Она не воспринимала меня всерьез.

— Ты как Хавр, он тоже, когда попал сюда, все пытался бороться с системой, а теперь успокоился. И даже счастлив, по крайней мере, он не унывает так, как раньше.

Хавр казался мне мудрым, этот человек с желтыми глазами.

— Какими у вас были глаза на Земле? — спросил я у него сразу, как только попал на Андон.

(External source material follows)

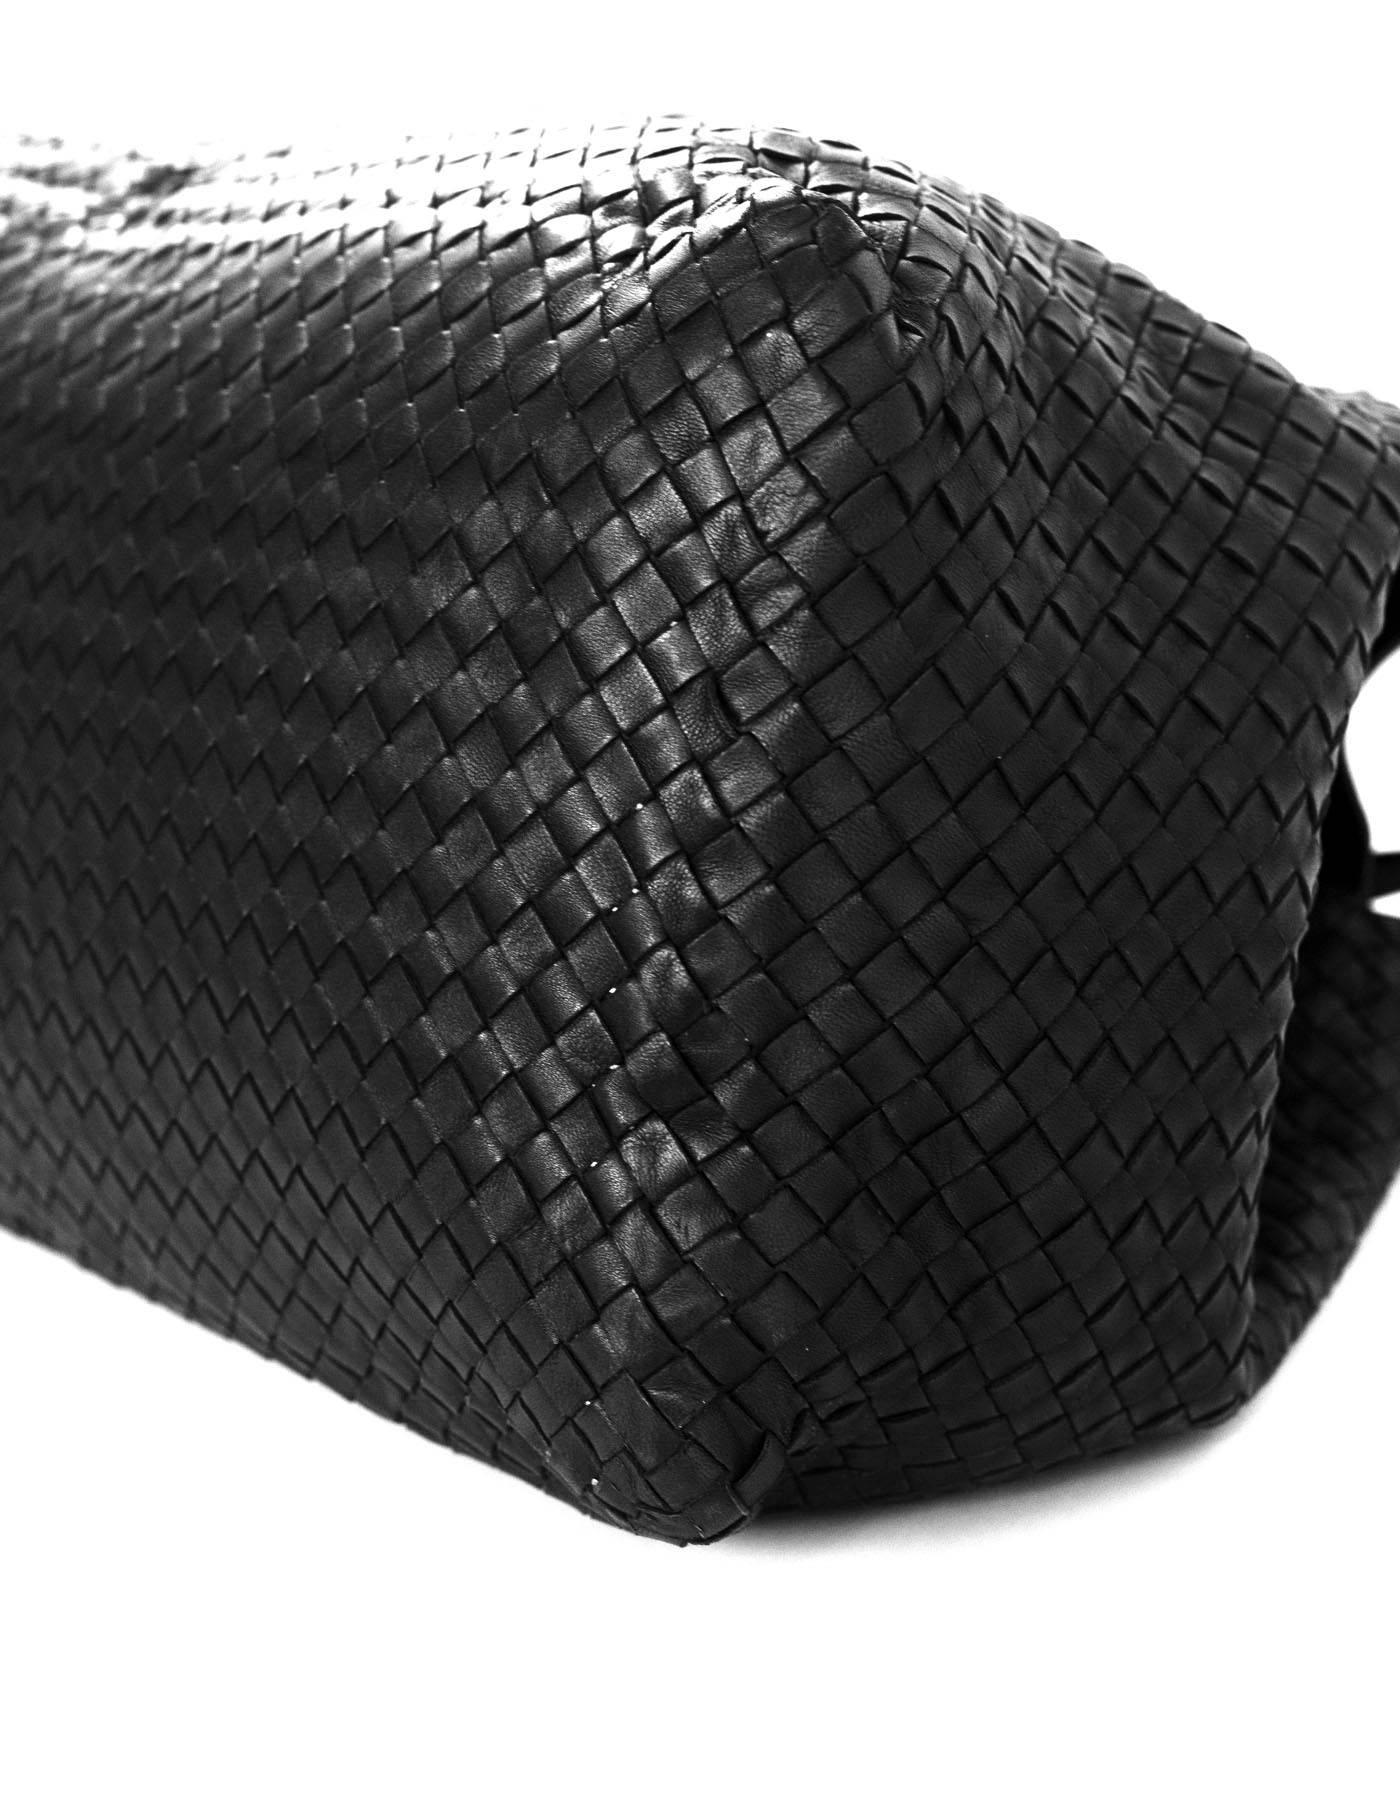 Bottega Veneta Black Intrecciato Large Tote Bag rt. $3, 950 2

— Не надо так часто произносить это слово, — попросил он. — Начинаю волноваться, меня будоражат воспоминания. Здесь время от времени охватывает беспокойство по этому поводу. Никто не помнит их цвет уже через год. Я могу только сказать название цвета, я забыл, как он выглядит. Они были голубыми. Сепия поглощает цвет и знание о нем. Когда ты каждый день видишь искусственные цветы цвета земли, ты забываешь, какими они были там. Единственная роскошь, которую они не смогли у нас отобрать, — это оттенки. Там была свобода. Я только сейчас это понял. По крайней мере, никто не диктовал род твоих занятий, и можно было просто выйти на улицу тогда, когда тебе этого хотелось, а не в перерыв. Там были настоящие воздух, цвет, настоящее солнце, а не это преломленное куполом свечение, навязывающее омерзительный коричневый цвет всему живому и неживому.

Морщинистое лицо Хавра неподвижно, когда он говорит, двигаются только губы.

— Как вас звали раньше?

— Нет, не помню. Мне это здесь не нужно. Вам ведь тоже присвоили имя? Как вас теперь зовут?

— Лукр. Я записан у них как Лукр Ливий Исаак.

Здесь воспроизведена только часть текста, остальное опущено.